Could be someone is using residential proxies to wrap AI agents' web traffic, but even so, there's a lot of pieces that don't really make sense, like why the traffic pattern is like being hit by a shotgun. It isn't just one request, but anywhere between 40 and 100 redundant requests.
A popular theory is that this is because of sloppy coding, AI companies are too rich to care, but then again that doesn't really add up. This isn't just a minor inefficiency, if it is "just" bad coding, they stand to gain monumental efficiency improvements by fixing the issues, in the sense of getting the data much faster, a clear competitive edge.
Really weird.
My unsubstantiated guess is the residential proxy/botnet is very unreliable, and that's why they fire so many request. Makes sense if it's sold as a service.
My website contains ~6000 unique data points in effectively infinite combinations on effectively infinite pages. Some of those combinations are useful for humans, but the AI-scrapers could gain a near-infinite efficiency improvement by just identifying as a bot and heeding my robots.txt and/or rel="nofollow" hints to access the ~500 top level pages which contain close to everything which is unique. They just don't care. All their efficiency attempts are directed solely toward bypassing blocks. (Today I saw them varying the numbers in their user agent strings: X15 rather than X11, Chrome/532 rather than Chrome/132, and so on...)

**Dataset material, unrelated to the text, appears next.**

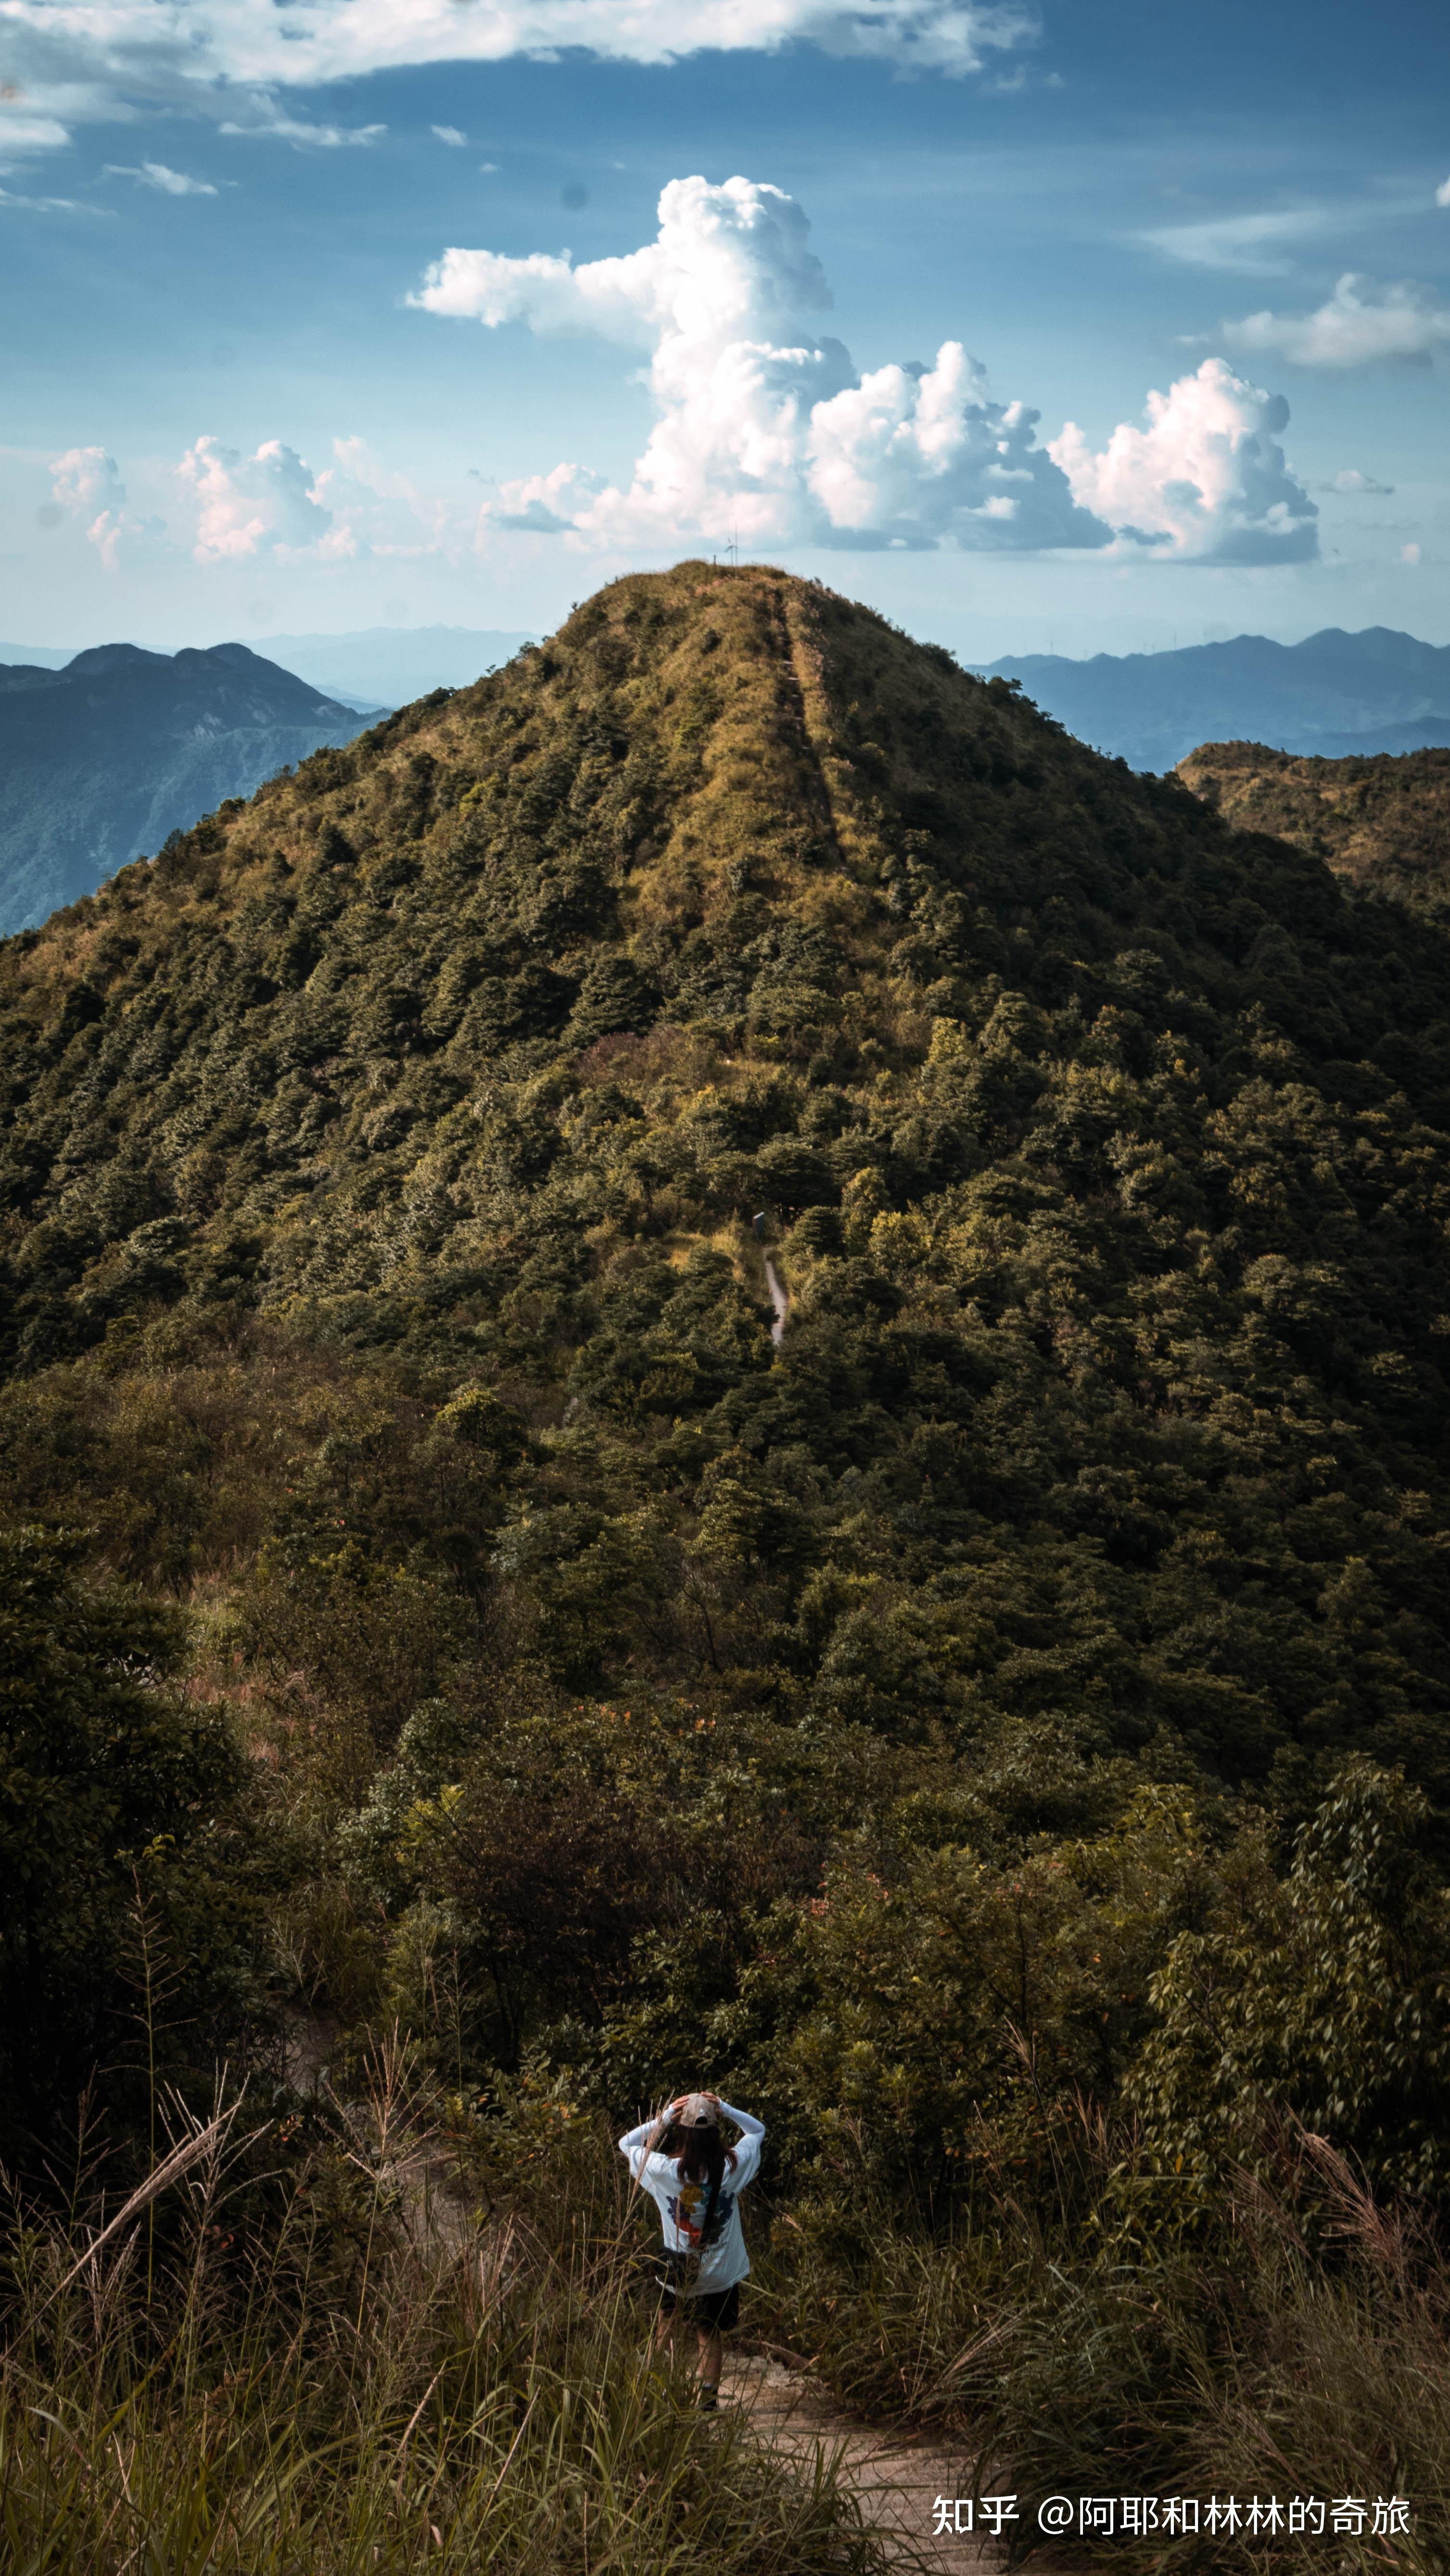 登顶广州第一峰天堂顶徒步爬山全攻略0969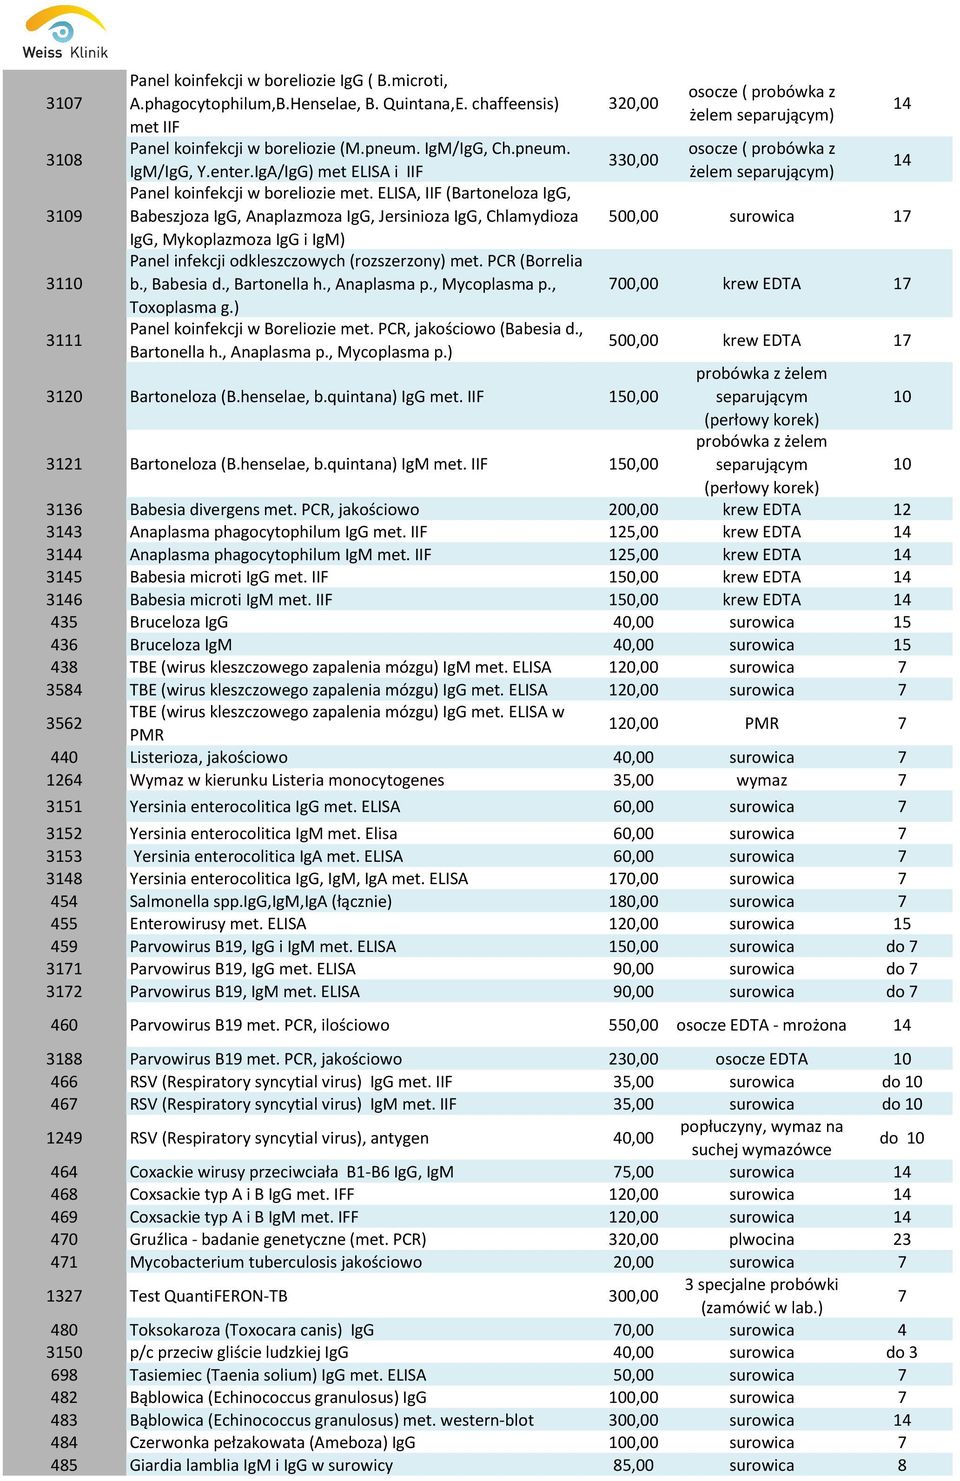 ELISA, IIF (Bartoneloza IgG, Babeszjoza IgG, Anaplazmoza IgG, Jersinioza IgG, Chlamydioza IgG, Mykoplazmoza IgG i IgM) Panel infekcji odkleszczowych (rozszerzony) met. PCR (Borrelia b., Babesia d.

I can substantiate this a bit. Verified traffic from Amazonbot is too dumb to do anything with 429s. They will happily slam your site with more traffic than you can handle, and will completely ignore the fact that over half the responses are useless rate limits.
They say they honor REP, but Amazonbot will still hit you pretty persistently even with a full disallow directive in robots.txt
The root sources of the traffic from residential proxies gets murky very quickly.
It's easy to follow the chain partway for some traffic, eg "Why are we receiving all this traffic from Digital Ocean? ... oh, it's their hero client Firecrawl, using a deceptive UserAgent" ... but it still leaves the obvious question about who the Firecrawl client is.
Res proxy traffic is insane these days. There is also plenty of grey-market snowshoe IPs available for the right price, from a handful of ASNs. I regularly see unified crawling missions by unknown agents using 1000+ "clean" IP addresses an hour.
I bet lot of companies want to provide search results to AI agents.